This is a known problem introduced when the PCI code was being cleaned up. I think it started failing about Linux Commit 745eeeac68d7 ("staging: mt7621-pci: factor out 'mt7621_pcie_enable_port' function") but when I was trying to dig deeper into it, I couldn't make it fail reliably, so I found find out exactly what caused the regression.

jjakob commented 4 years ago

I could repeat this 3 times in a row once. I think it's how I do the shutdowns: poweroff from system, then as it halts or starts rebooting in u-boot, turn off power switch, wait ~2-3s, power on again. As I said, last time I did this, I had to hard power off 3 times as it hung on the pci init each time.

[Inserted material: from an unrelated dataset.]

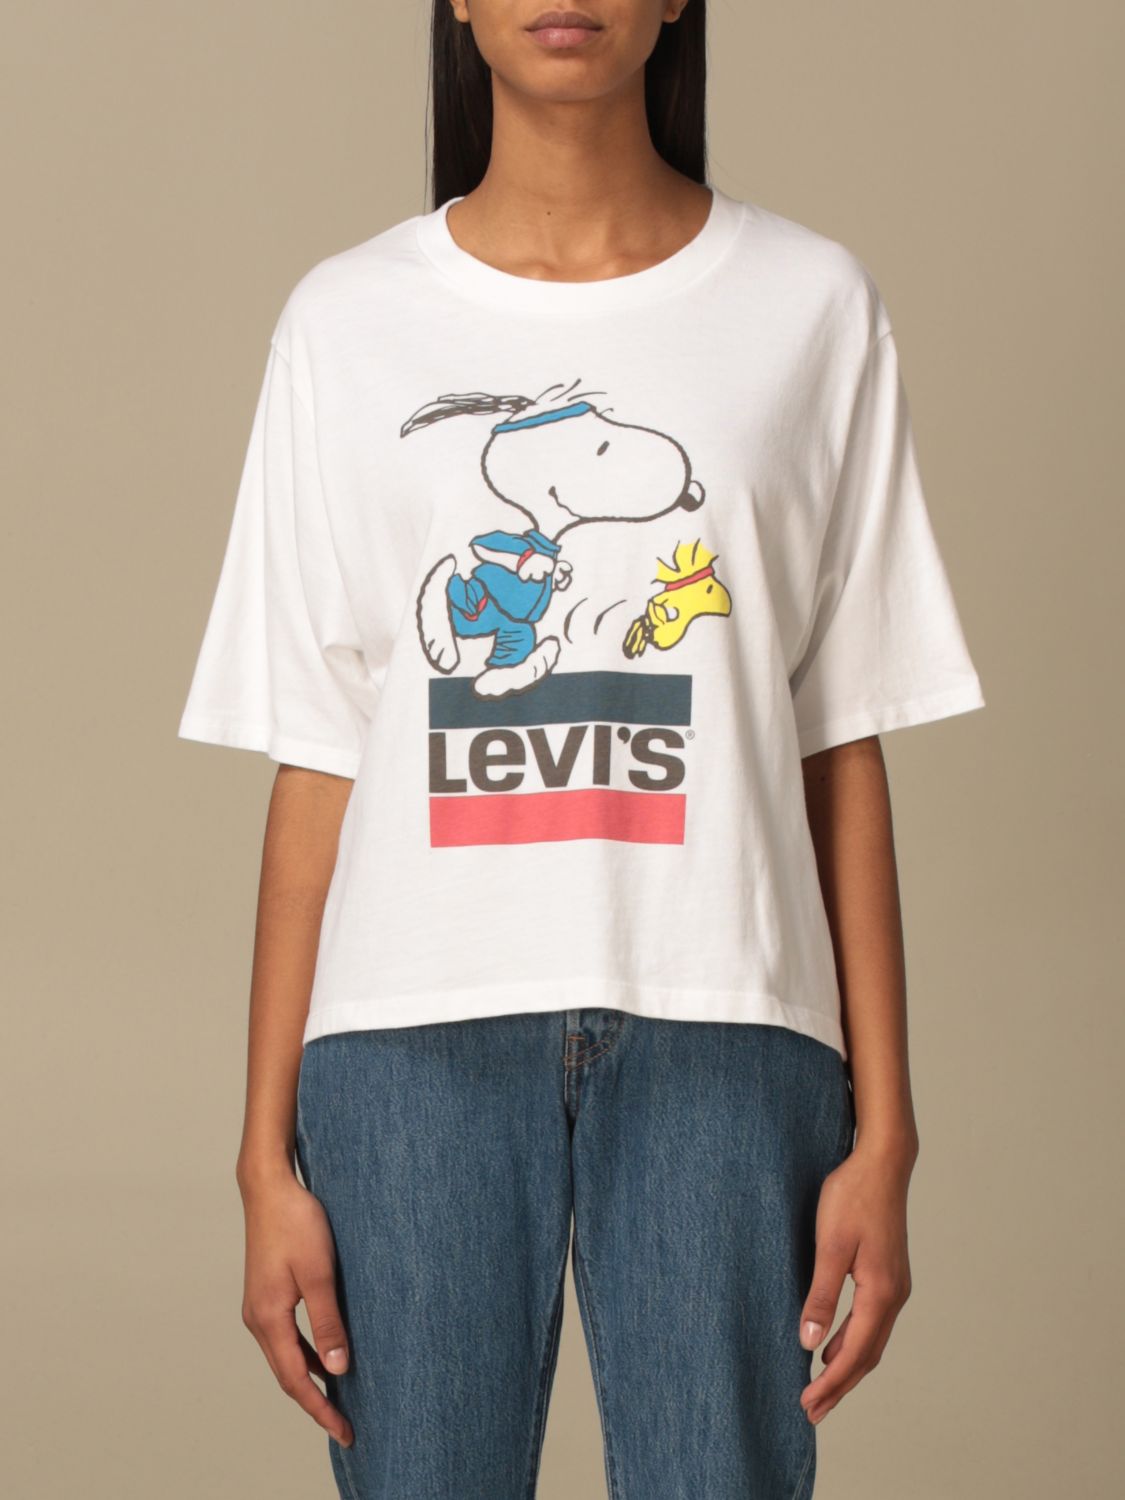 levis white printed t shirt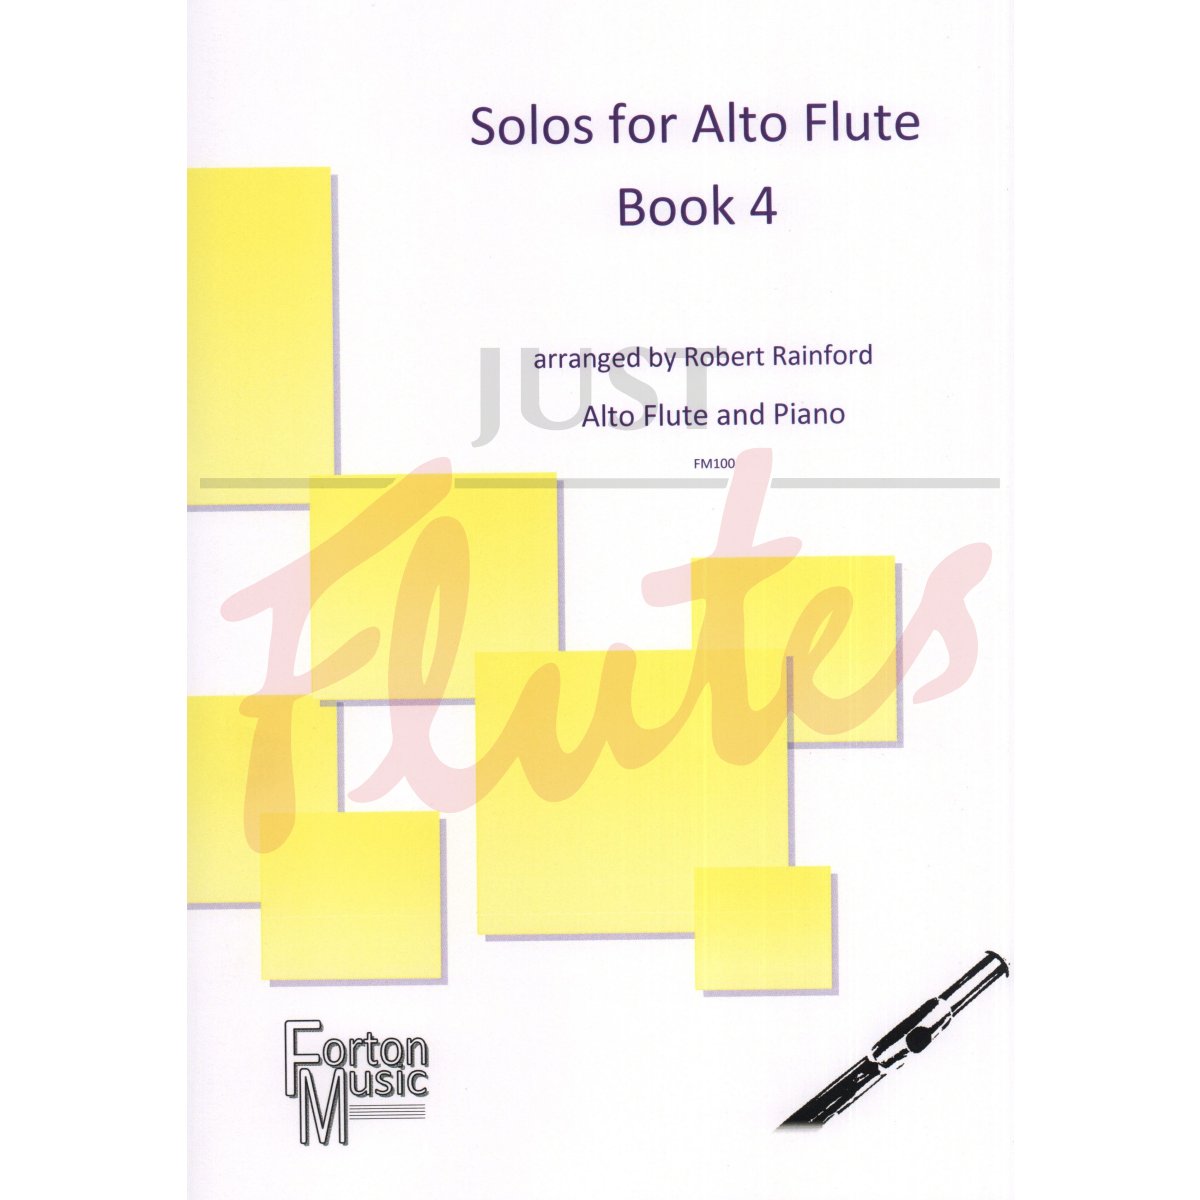 Solos for Alto Flute Book 4, with Piano Accompaniment

Looking at the commit you referenced, https://github.com/neilbrown/linux/commit/745eeeac68d7 I see an obvious difference in order and timing between the old and new code. Does reverting that commit fix the issue? I might try if it fixes the issue on my end (I need to get some time to assemble a 2nd Gnubee as the one I tested on is now in use)

neilbrown commented 4 years ago

I believe this is now fixed, as of my 5.6.3 kernels (hopefully the fix will be in mainline soon). So I'll close this bug now. If you still have problems with 5.6.3 or later, please re-open.